Чуть отстранив биолога и глубоко вздохнув я сделал над собой усилие. Меня пошатнуло и я ещё какое-то время не мог оторвать рук от поручня. Площадка будто плыла простираясь над глубоким, ступенчатым пространством и жёлтый свет опускался в него искрящимся облаком. Вверху свет почти нигде не преломлялся и не отражался, представляя собой замкнутое, выкрашенное чёрным пространство совершенно неподвижное и неуловимое. Диаметр оранжереи, однако, не был огромным (каким он показался мне сразу), скорее он был странным, необычным, парадоксальным. Судите сами: над головой нависал сильно приплюснутый купол потолка и напоминал перевёрнутое блюдце и был пугающе грандиозным, как и все купола на свете визуально возвышающие пространство.
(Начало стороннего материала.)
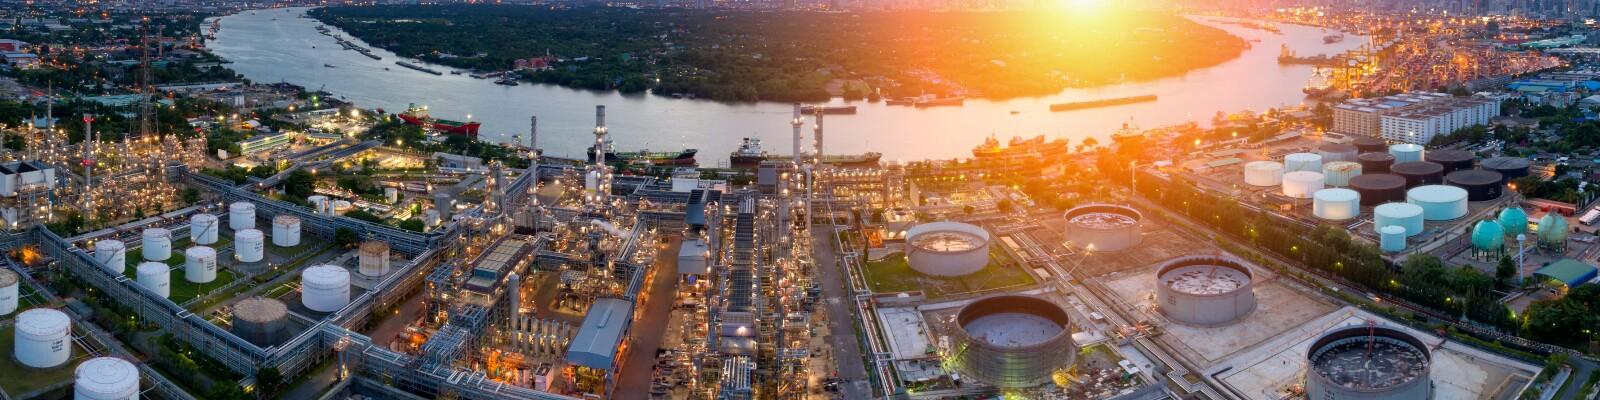 Refinery off the Gulf Coast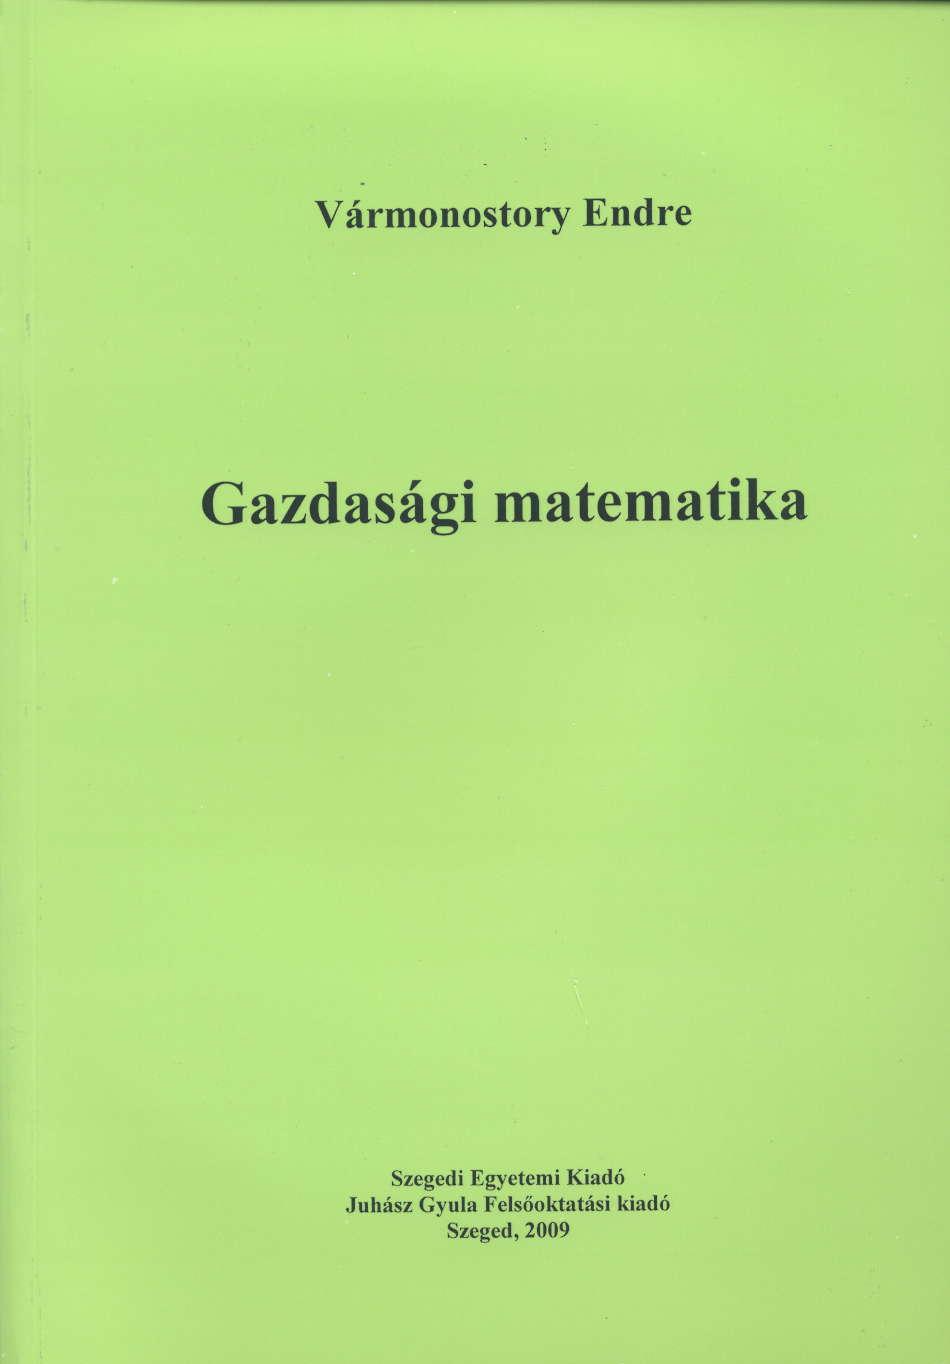 Gazdasági matematika - JGYFK

Опускаясь краями купол переходил в стеклянную круговую стену, стёкла упирались торцом в металлических рамах в сужающиеся внутрь каменные циклопические ступени, ступени образовывали по краям несколько круговых террас и превращали пространство оранжереи в воронку. Воронка мерцала и тянула в себя странным зеленовато-коричневым светом и её дно, образующее цирк, было испещрено сужающимися кольцами и, рассечённое лучами, напоминало паутину. Некоторое время я вглядывался в странную, будто рассечённую черно-белыми тенями растительность, клубящуюся на террасах, в неизвестные кустарники и деревья словно в испуге сгрудившиеся в дальнем конце цирка и покачивающиеся в мареве, и мне всё теперь показалось ясным, очень компактным, продуманным и аккуратным. Но почему он выбрал именно такую форму?

- Почему воронка? Почему такая странная форма оранжереи?

- Вы заметили?! - мне даже показалось, что Горизонтов пискнул от восхищения. - Это точный расчёт! Тёплый воздух скапливающийся вверху имеет расширение большее, чем холодный. Но охлаждаясь он немного сжимается и становится тяжелее. Таким образом если разделить воронку горизонтально пополам, то вес воздуха будет одинаковым и в верхней широкой и в нижней узкой частях, а значит и сохранит температуру одинаковой и вверху и внизу. Это моё изобретение. Как вам?

- Непередаваемо!

Во время спуска, когда я с трудом перебирал руки по скользящему поручню, помнится, возникло ощущение пустоты и какого-то странного шелестящего и очень долгого эха. Эха, которое стало нудно повторять каждый шаг по железным гулким ступеням. Но не только эхо, но и в самом верху, откуда мы начали спускаться и где на круговой террасе плотно громоздились гортензии и пиастры, мне показалось что цветы пошевелились когда мы проходили мимо, словно они чувствовали наше движение и отпрянули изгибаясь стеблями.

Ровный, мощный, но не слепящий свет исходил с потолка, окутывал желтизной цирк, покрывал низкую и высокую растительность рассаженную то плотно, то редко, но застилающую всё пространство цирка внизу и взбегающую на стены террасами. На краю цирка растительность была намного плотнее, чем казалось с высоты, а среди разношерстных трав и кустов клубящихся то на уровне пояса, то почти у самой земли, вспархивали разноцветные маленькие бабочки, стрекотали кузнечики. Сквозь буйную и странную растительность, больше похожую на многолетние травы и обычную полынь, прорезались лучеобразные тропинки. Тропинки правда оказались настолько тонкими, что идти по ним можно было только как по линейке. Кроме одной по которой мы собственно и двинулись вглубь по крупному хрустящему песку широкой лентой уходящему к середине цирка. Травы становились ниже и дальше к центру превращались в настоящие грядки. Горизонтов взмахнул рукой:

- Обратите внимание: справа Иван-Чай, а дальше обычный силосный горох, которым Часовщик подкармливает крыс и мышей. Слева брусничная гряда и она восполняет небольшую потребность витамина цэ в крови. А здесь…

- Постойте, а это?

- Что? - Горизонтов смешно повернулся сначала в одну, потом в другую сторону выискивая под ногами то, что меня так могло заинтересовать.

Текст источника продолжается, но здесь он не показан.